Il doit être élevé. Le rôle du conseil est de challenger le management et de lui apporter ses idées. AXA organise chaque année deux journées de séminaire stratégique. Ces deux jours sont entièrement consacrés à faire un point complet sur les sujets que nous souhaitons approfondir. L’implication du board est forte, même si c’est au management que revient in fine la proposition et l’exécution de la stratégie.

Quels moyens les administrateurs peuvent-ils se donner pour acquérir une expertise technique suffisante pour assurer leur rôle ?

Chez AXA, cela passe par plusieurs axes.

D’abord, un programme d’induction pour nos administrateurs au moment de leur prise de fonction, afin qu’ils disposent de toutes les bases sur les métiers, l’organisation, la stratégie, le positionnement géographique, le positionnement produit, les clients, ou encore les aspects financiers et réglementaires.

Ensuite, AXA dispense une formation continue complétée notamment de deux demi- journées annuelles  pour les membres du board.

Il faut voir le conseil comme un collectif. Il ne serait pas raisonnable d’exiger de chacun le même degré de connaissance dans tous les domaines. C’est d’autant plus vrai dans une société comme la nôtre, avec une activité fortement réglementée. Nous sommes assujettis à des exigences réglementaires d’une très grande complexité technique et financière.

La directive Solvabilité 2 a ajouté de nombreuses obligations aux membres du conseil d’administration, mais nous ne pouvons avoir qu’un nombre limité de spécialistes de ces sujets au sein du conseil.

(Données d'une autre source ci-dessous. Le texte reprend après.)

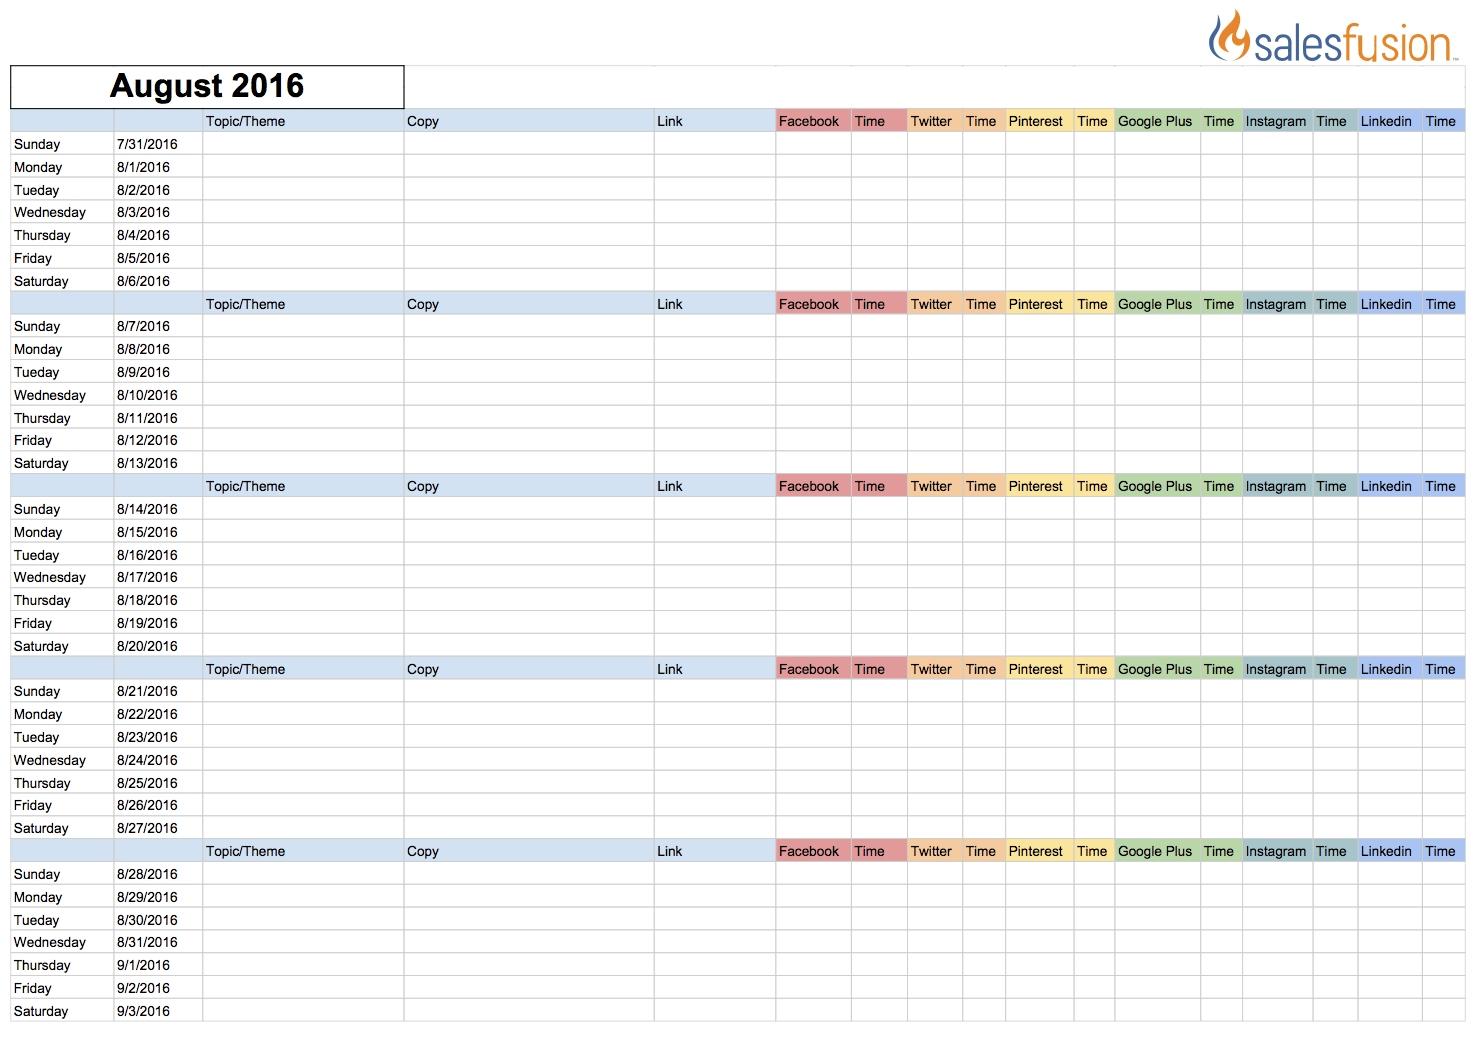 Social Media Content Calendar Template | Salesfusion-Social Media Posting Calendar Template
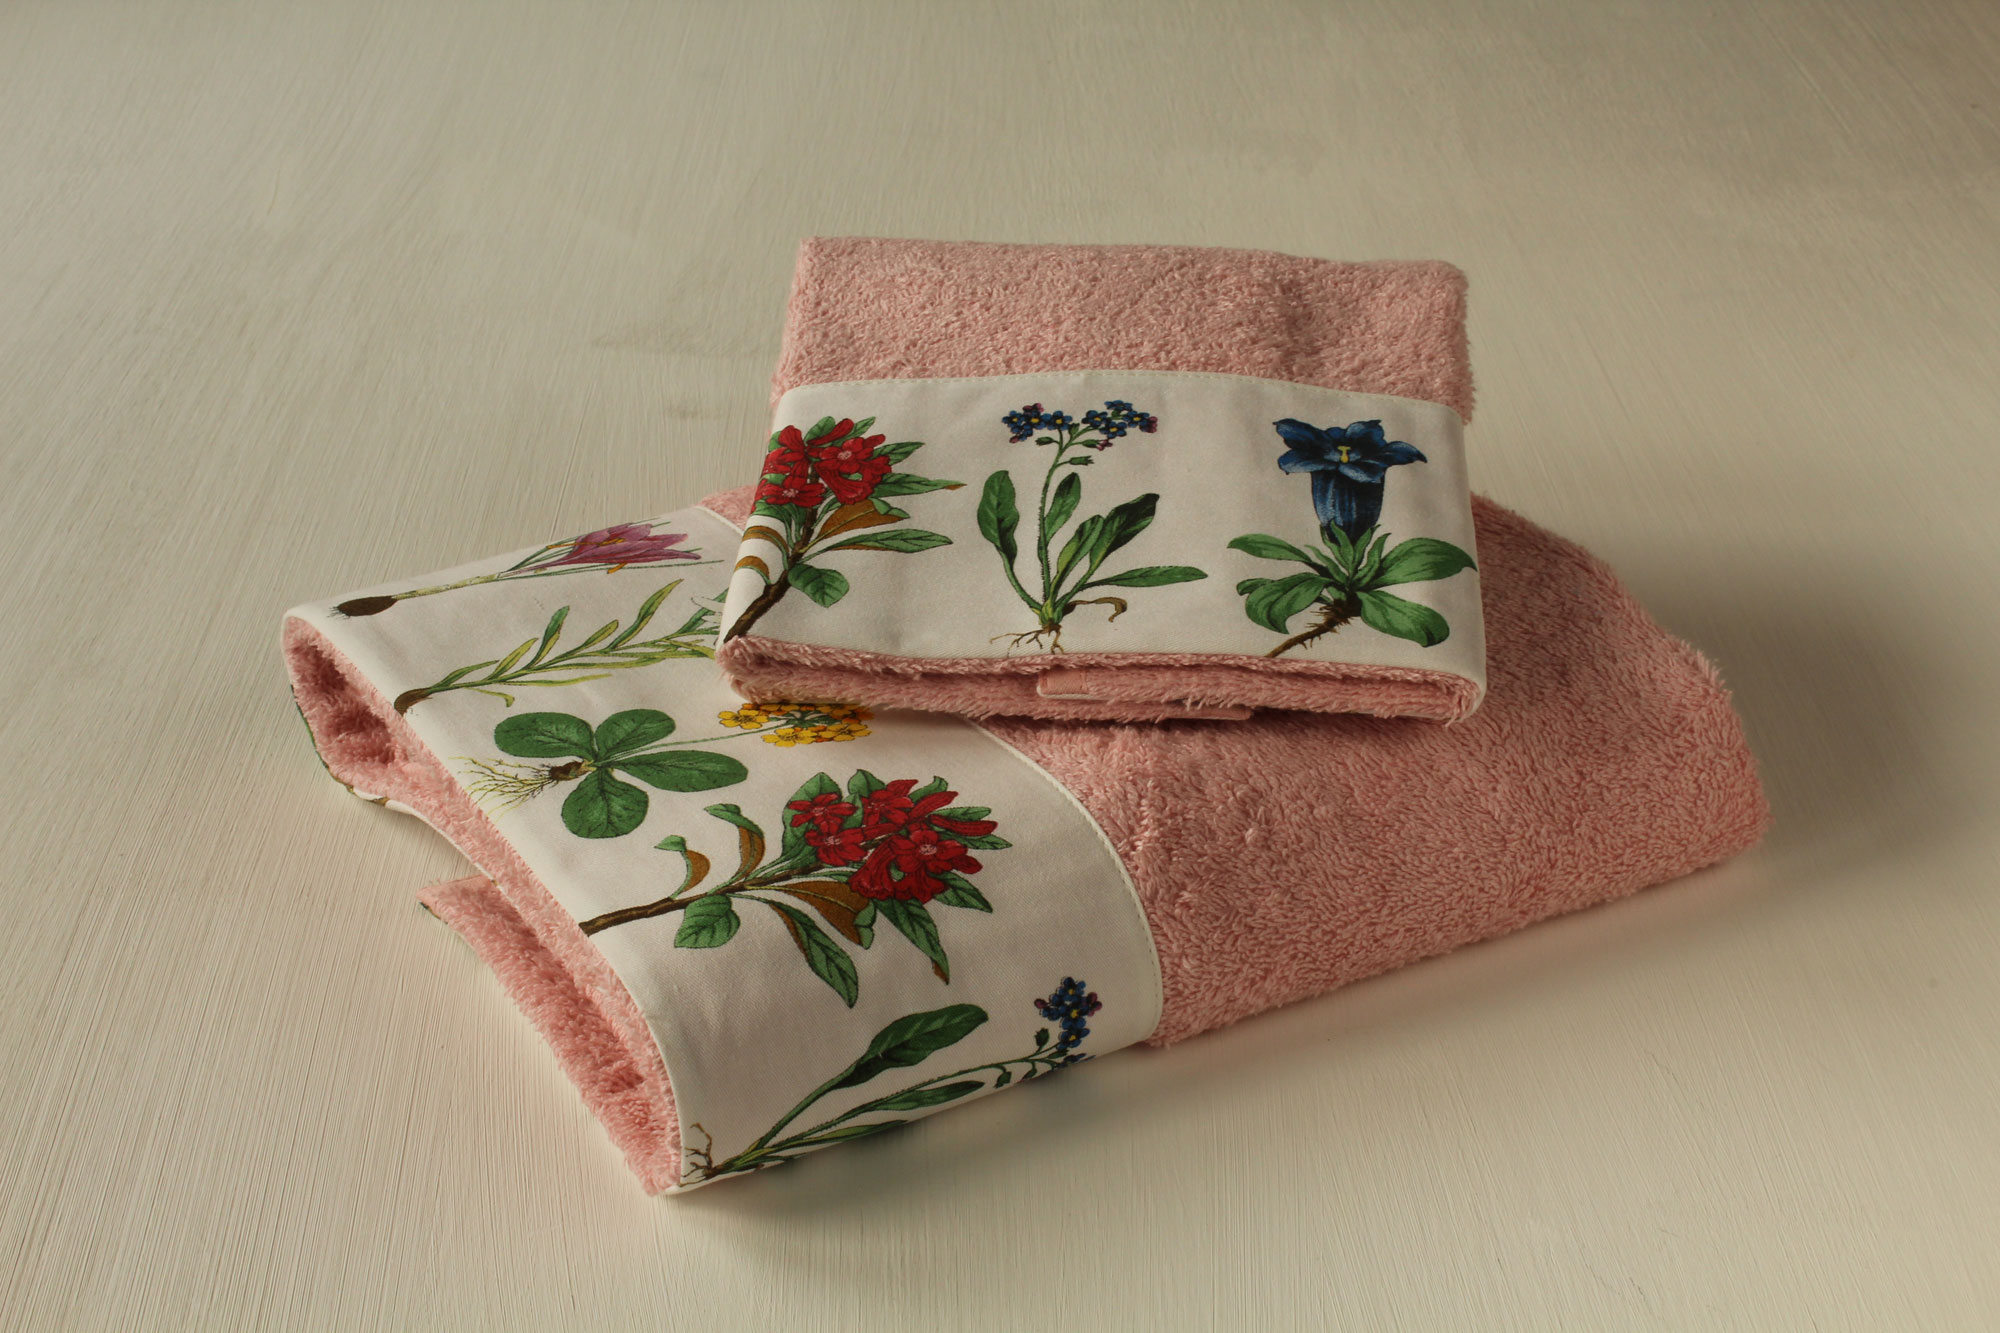 Coppia asciugamani Fiori Montagna - Giardino di Rose: Biancheria per ...

La moitié des 16 membres du conseil d’AXA attestent d’une expertise approfondie sur les questions financières. D’autres membres sont présents au sein du board en raison de leurs compétences poussées dans les domaines du marketing, de l’informatique, du big data ou encore leur connaissance d’une région particulière du monde. Notre ambition est de disposer d’un mix de compétences équilibré. Le collectif du board permet d’atteindre cet équilibre, chaque membre ayant un prisme différent.

Chez AXA, quelle est la fréquence des échanges entre la direction et le conseil d’administration ?

Nous organisons en moyenne huit conseils par an, au cours desquels la stratégie est toujours un sujet central.

Nous invitons par ailleurs les membres du conseil à rencontrer régulièrement les membres de la direction, que ce soit le directeur général, mais aussi d’autres membres du comité de direction sur des sujets spécifiques.

Avec 7 administratrices pour 9 administrateurs, et des membres de nationalité étrangères (Américains, Suisses, Allemands…), le conseil d’administration d’AXA affiche une grande diversité.

Cette diversité est fortement liée à l’activité d’AXA. Nous sommes présents dans 64 pays. Notre activité en France ne représente que 23% du total, et nous employons 170 000 collaborateurs dans le monde. Un board tourné vers l’international est indispensable pour comprendre l’ensemble de nos marchés. En ce qui concerne la mixité, nous sommes aujourd’hui à 45% de femmes, au-delà des 40% fixés par la loi Copé-Zimmermann.

Outre le comité d’audit et le comité de rémunération et de gouvernance, AXA a-t-elle mis en place des comités spécialisés dans certains domaines spécifiques ?

Nous avons également mis en place un comité financier, proche de ce qu’on appelle dans d’autres entreprises un comité des risques.